* **Problem to solve**: Reproduce exactly the line with "Stany Zjednoczone i" and every line that follows it below, up to and including the last one. Do not include pictures or anything else.

* **Data**:
|---|
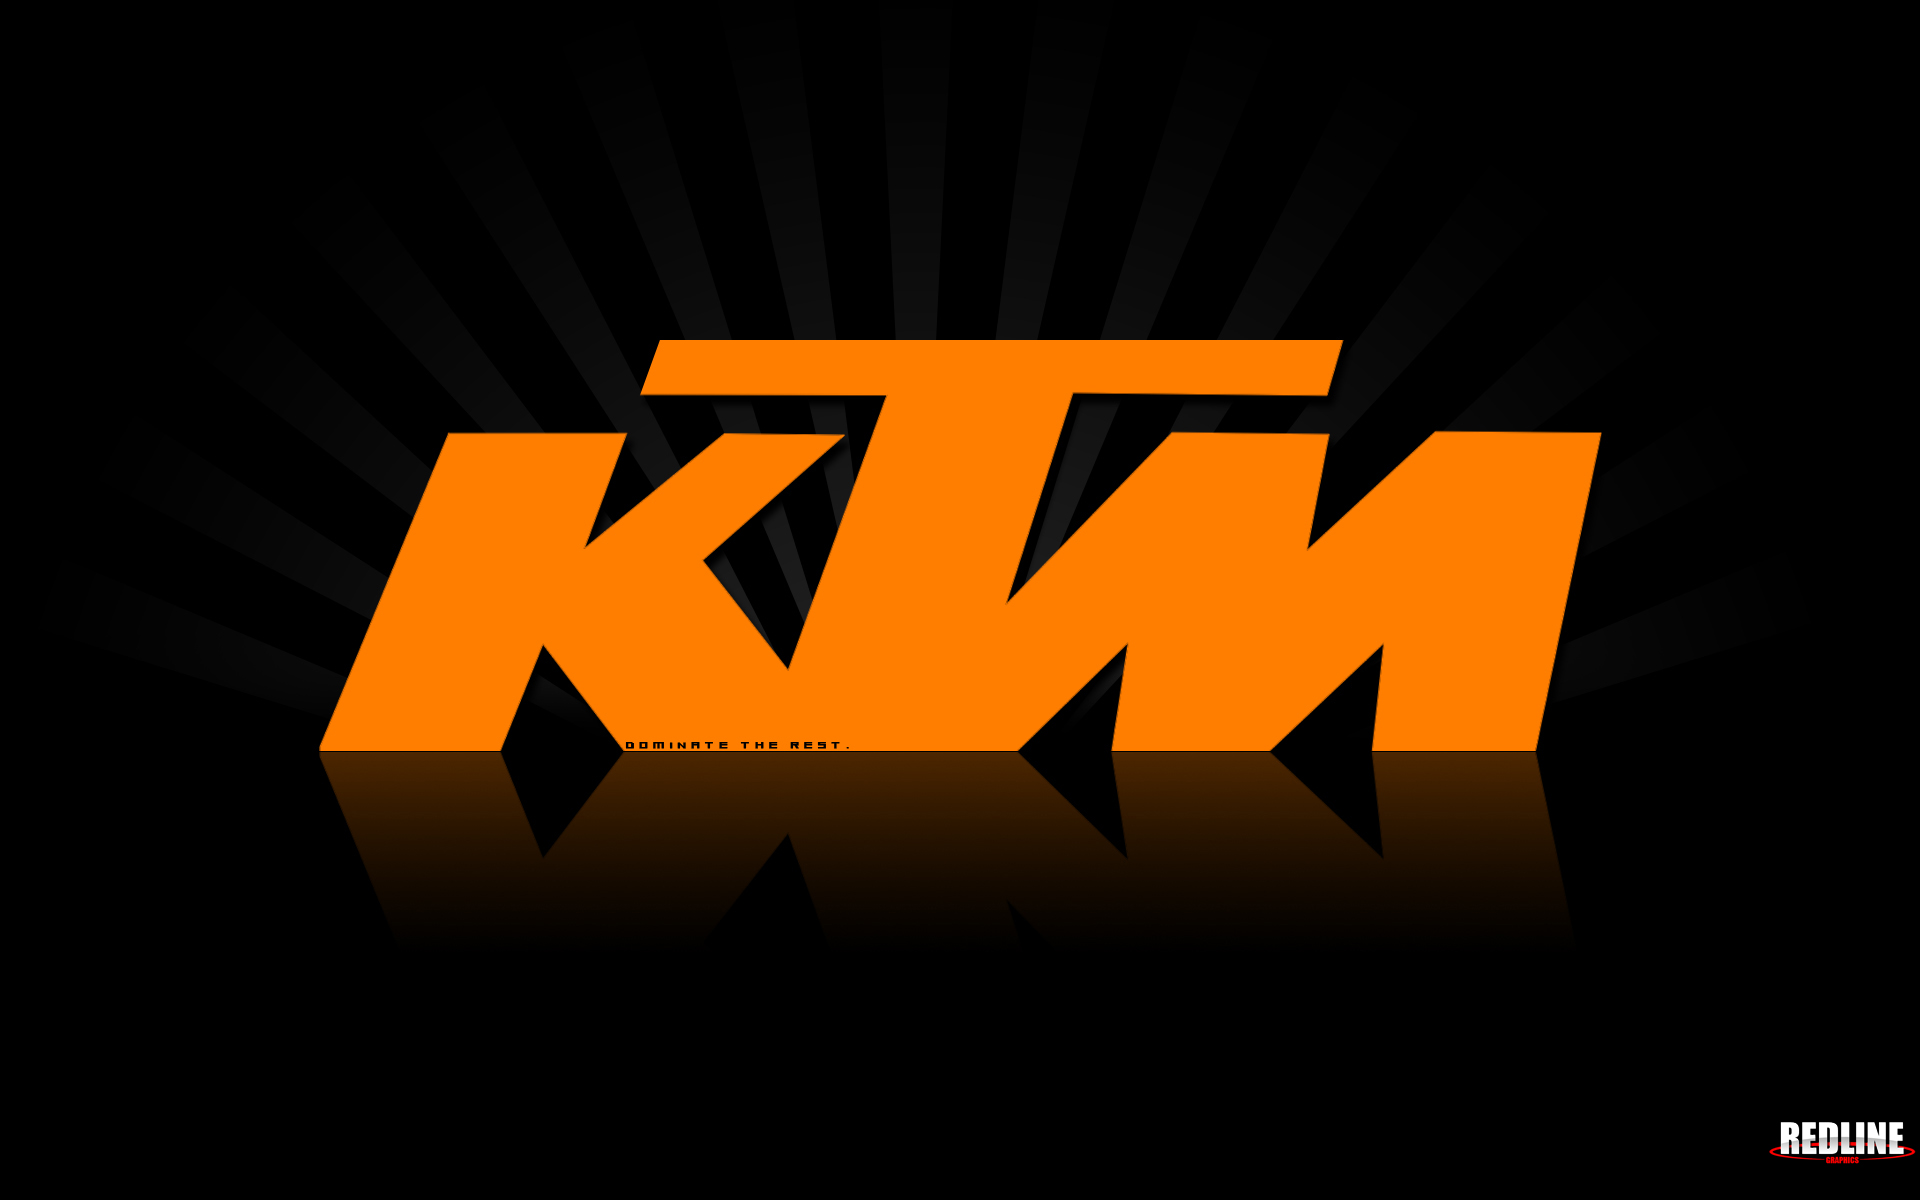 Ktm Redline Gfx By
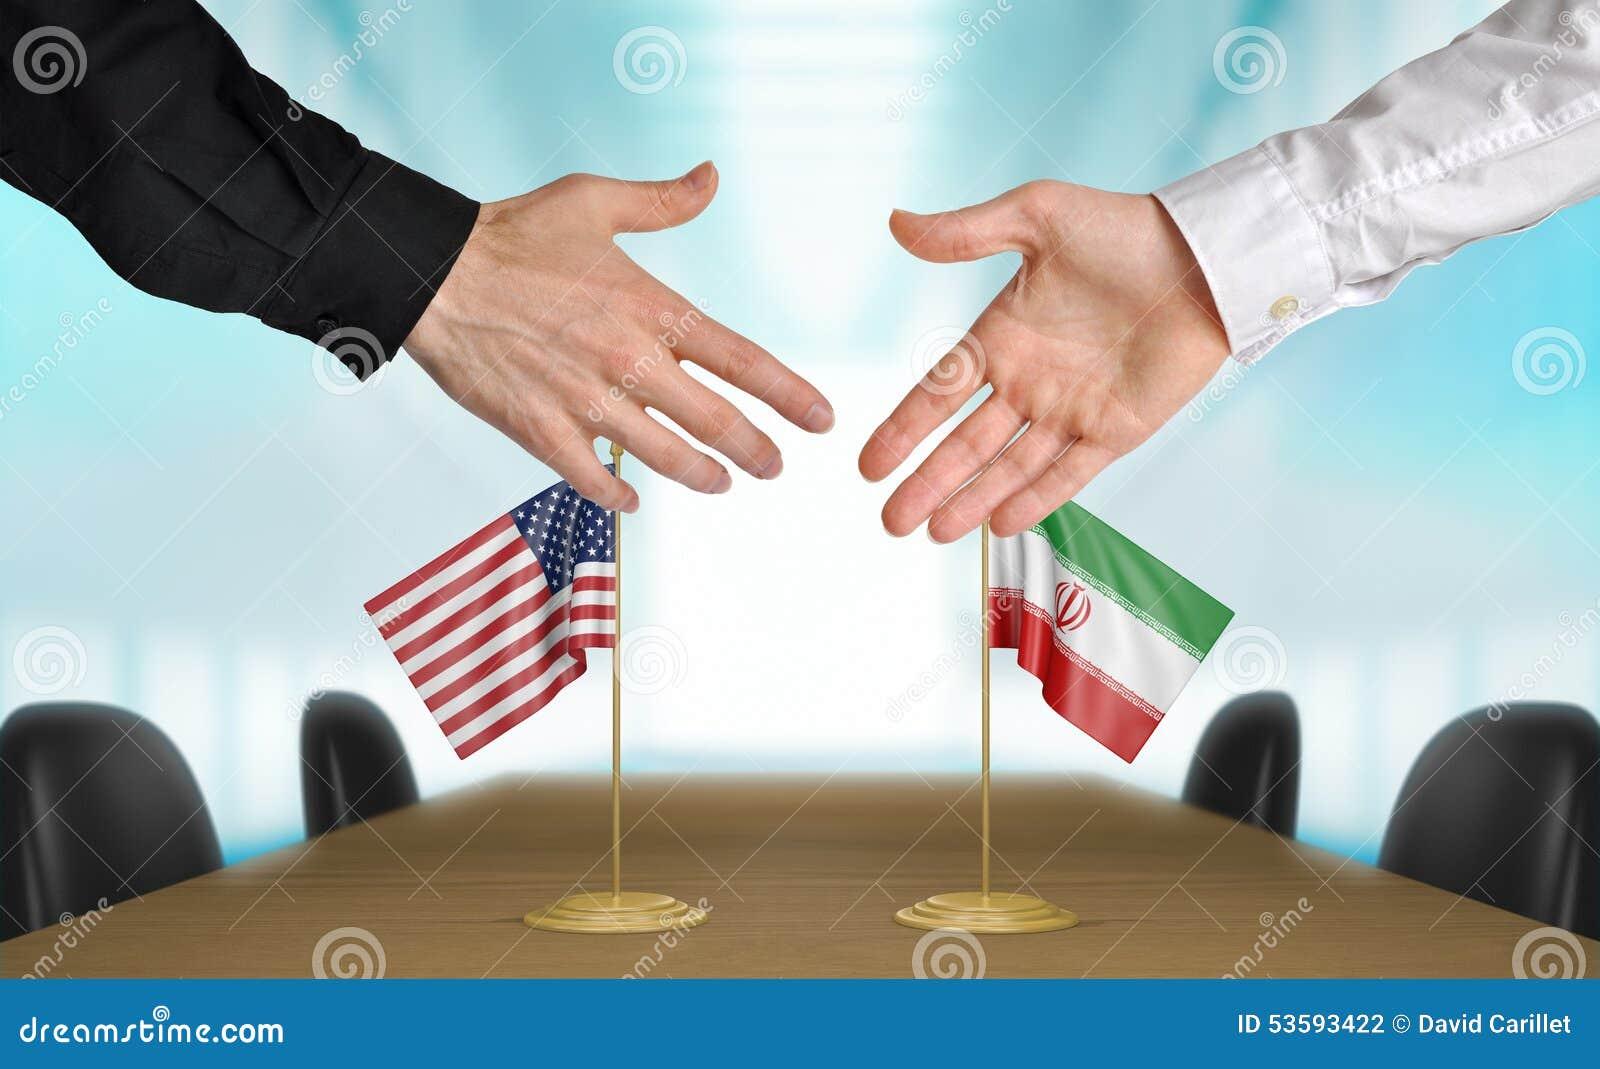 Stany Zjednoczone i Iran dyplomaci ono zgadza się na transakci
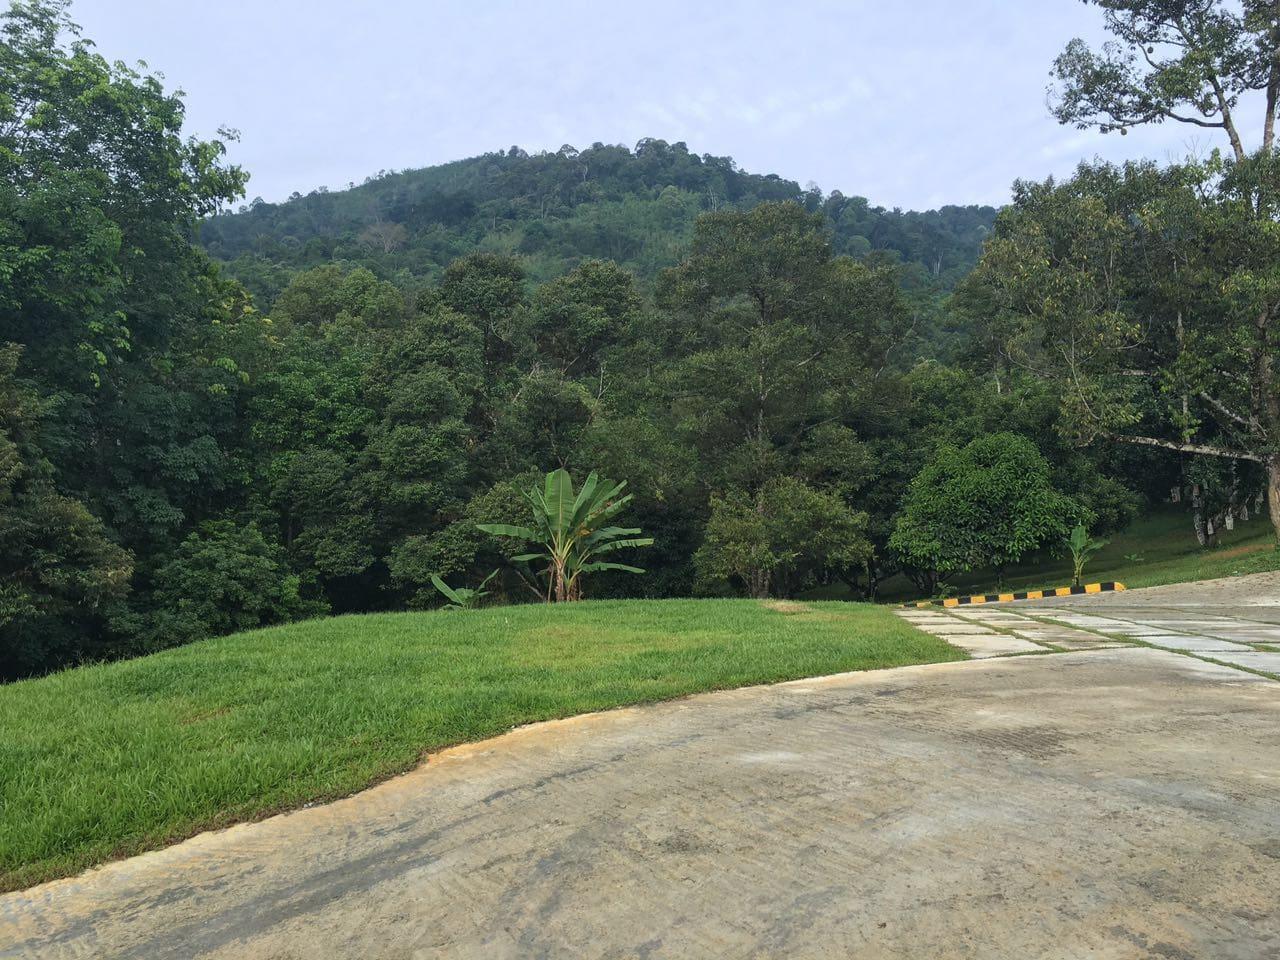 Lush greenary environment
|---|
* **Reply to the task**:
 Stany Zjednoczone i Iran dyplomaci ono zgadza się na transakci
 Lush greenary environment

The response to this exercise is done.